While order, routine, and expectations are certainly important during this time, let’s give ourselves and each other a break. No one expects you to homeschool your child. Most parents are not educators and should focus on what their children need the most right now—love, assurance, and fun.

Parents truly cannot replicate at home what is done each day at school, so don’t try. The bottom line is that e-learning was created to give students some continuity during their physical time away from school. This does not mean that new things must be taught; it simply means that students should work on some skills so they can pick up where they left off when they return to school. The Illinois State Board of Education has said that nothing during this time can be graded (although that may vary depending on states and counties), so do not stress about completing everything your child’s teacher has given you.

Most importantly, e-learning provides students the ability to check in with their teachers and other students. This is an important aspect that should be focused on, rather than focusing on your child completing everything that was assigned.

Putting my parent hat on, I will tell you that my eldest son is in first grade. I am trying to balance doing my own work with being home with my three children, ages seven and under. This is the situation many of us are in, and educators understand. My son’s school came out with lots of e-learning information. I personally find it important for him to practice writing, since his handwriting needs some work, so I’ve had him continue his spelling lists and write letters to family and friends.

There are other subjects that I don’t think he needs as much practice with (for example, he is above grade level in math), so I am not doing them.

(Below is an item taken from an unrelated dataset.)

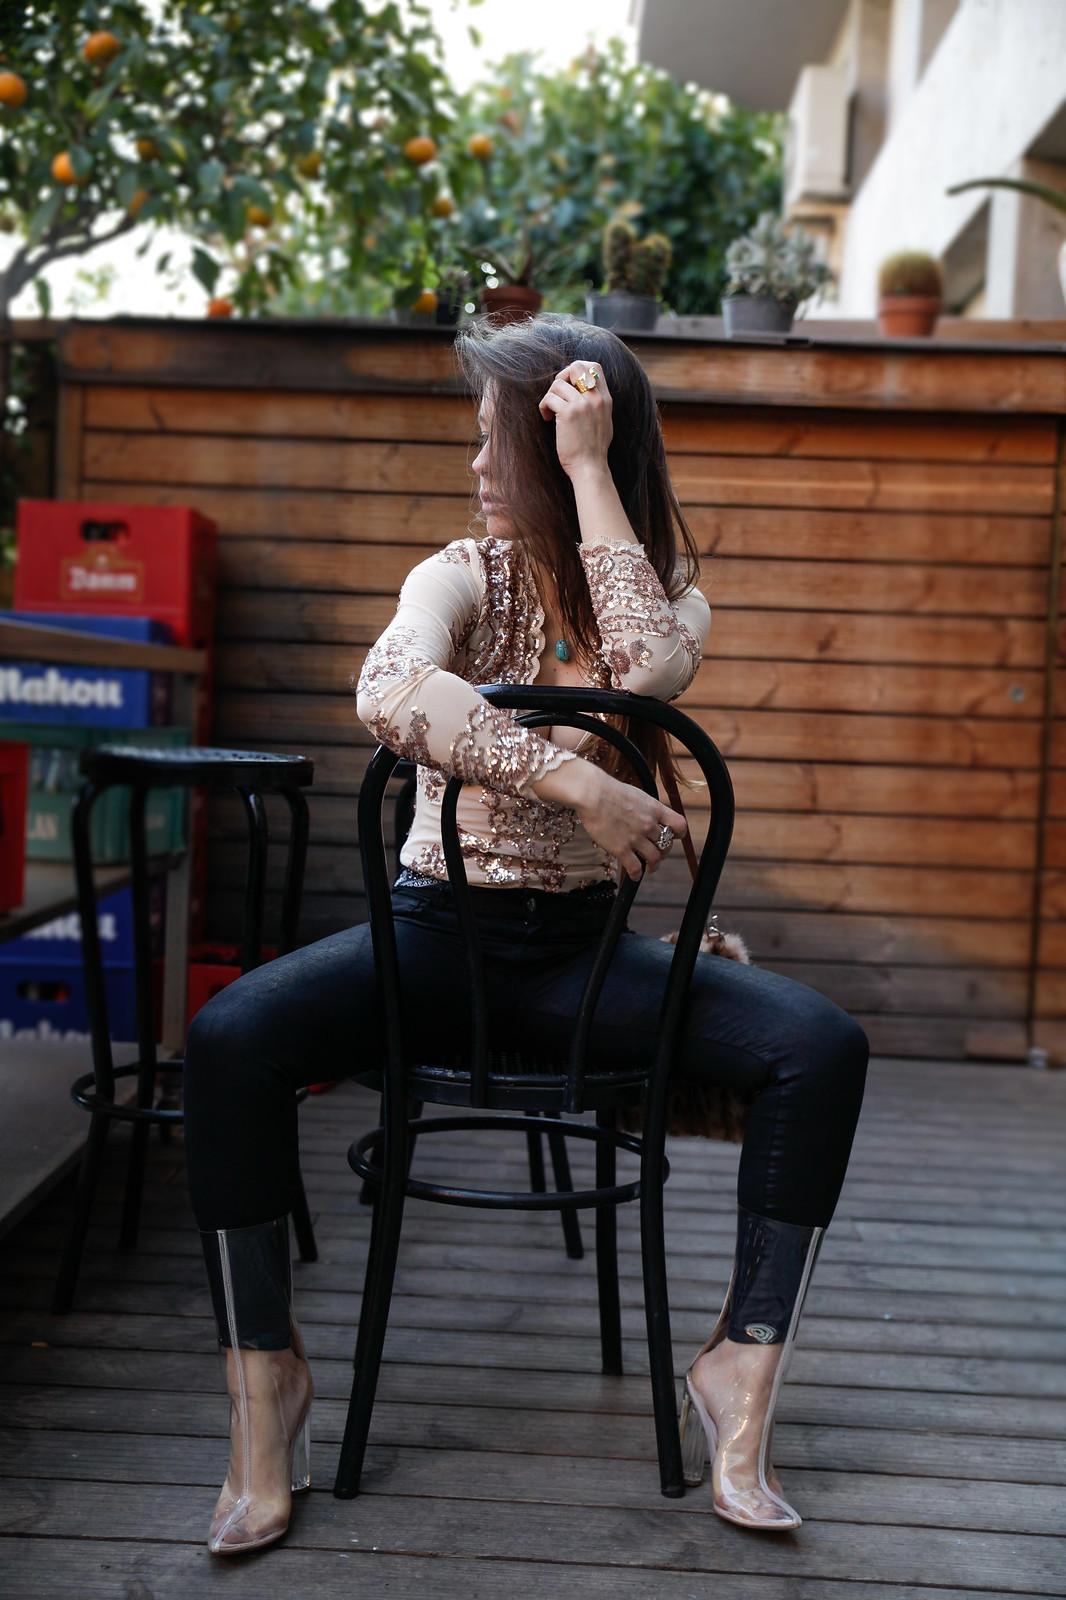 06_Sequins_Body_Nihgt_outfit_Danity_Paris_theguestgirl_laura_santolaria
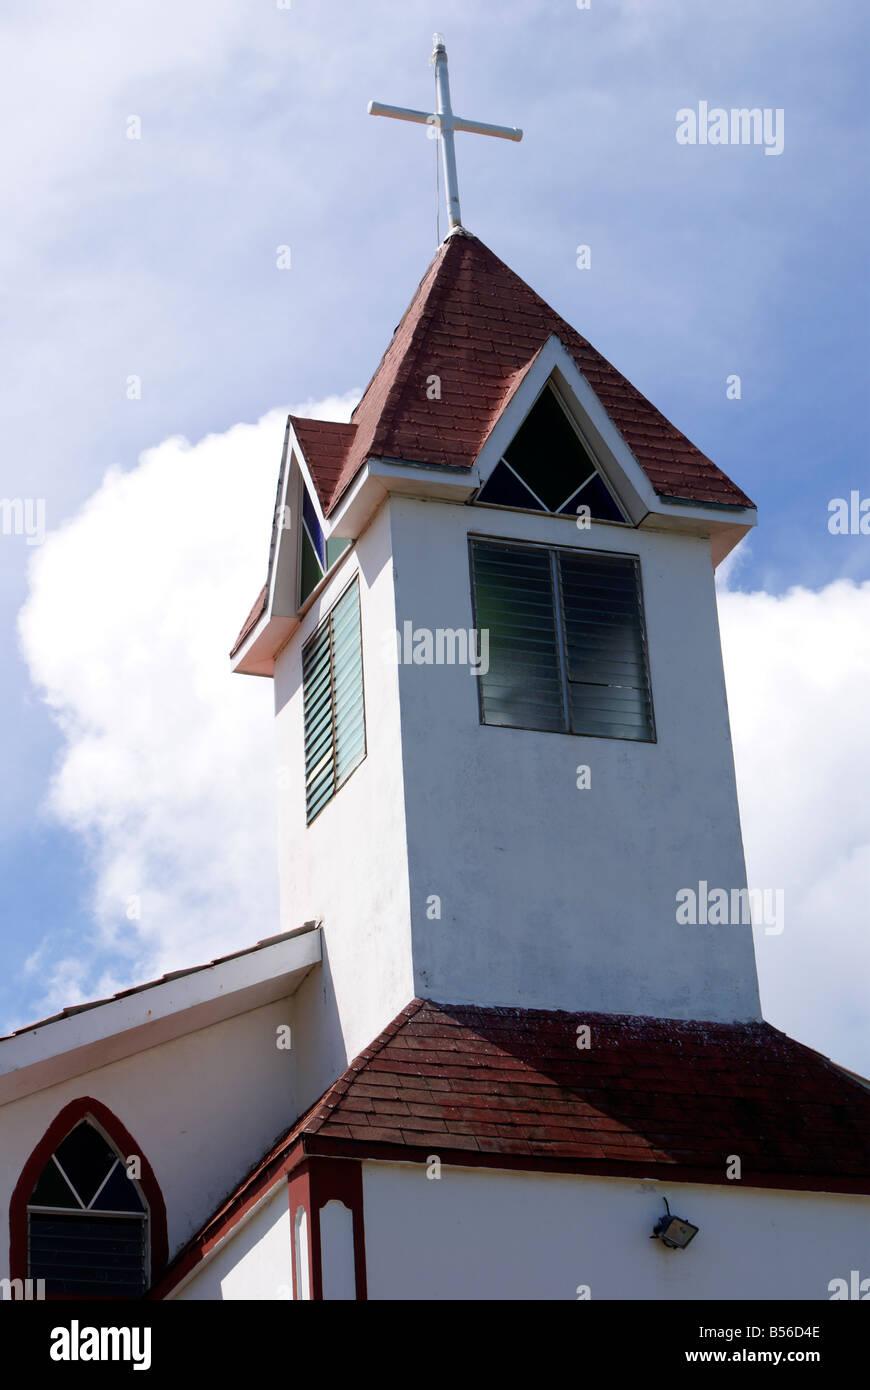 Ebeneezer Baptist Church auf Big Corn Island, Nicaragua, Mittelamerika Stockfoto

What I am doing are things I would not normally have the opportunity to do with him, and to me, that is what it takes to embrace and navigate this difficult time.

We have been doing a lot of puzzles and art projects, streaming fun things like Mo Willems “Lunch Doodles,” doing some online touring of national parks, taking some cool pictures around the house, and more. Trust me, your child’s teacher will applaud things like this. They wish they could have the time during the school day to do many of these things.

Here are a few other practical tips for virtual learning:

1. Remember that while routines are nice and help many of us stay on track, you have to know your own child. Your child might not need tight routines while at home and that is certainly okay.

2. Choose a few academic things a day, but do not drive yourself crazy! Fill the rest of the day with other activities that help your child grow and learn in different ways.

3. Build in some independent time each day. Children need this the most. Give them some time to relax and decompress on their own. During quiet time each day, my son has been working on Legos, puzzles, and cleaning his room.

4. For older students, monitor cell phone and social media usage. I cannot stress this enough! While we want our students to feel connected, many students are not developmentally ready to handle the pressures of group texting and apps that are not age appropriate. Monitor them all the time on cell phones and social media.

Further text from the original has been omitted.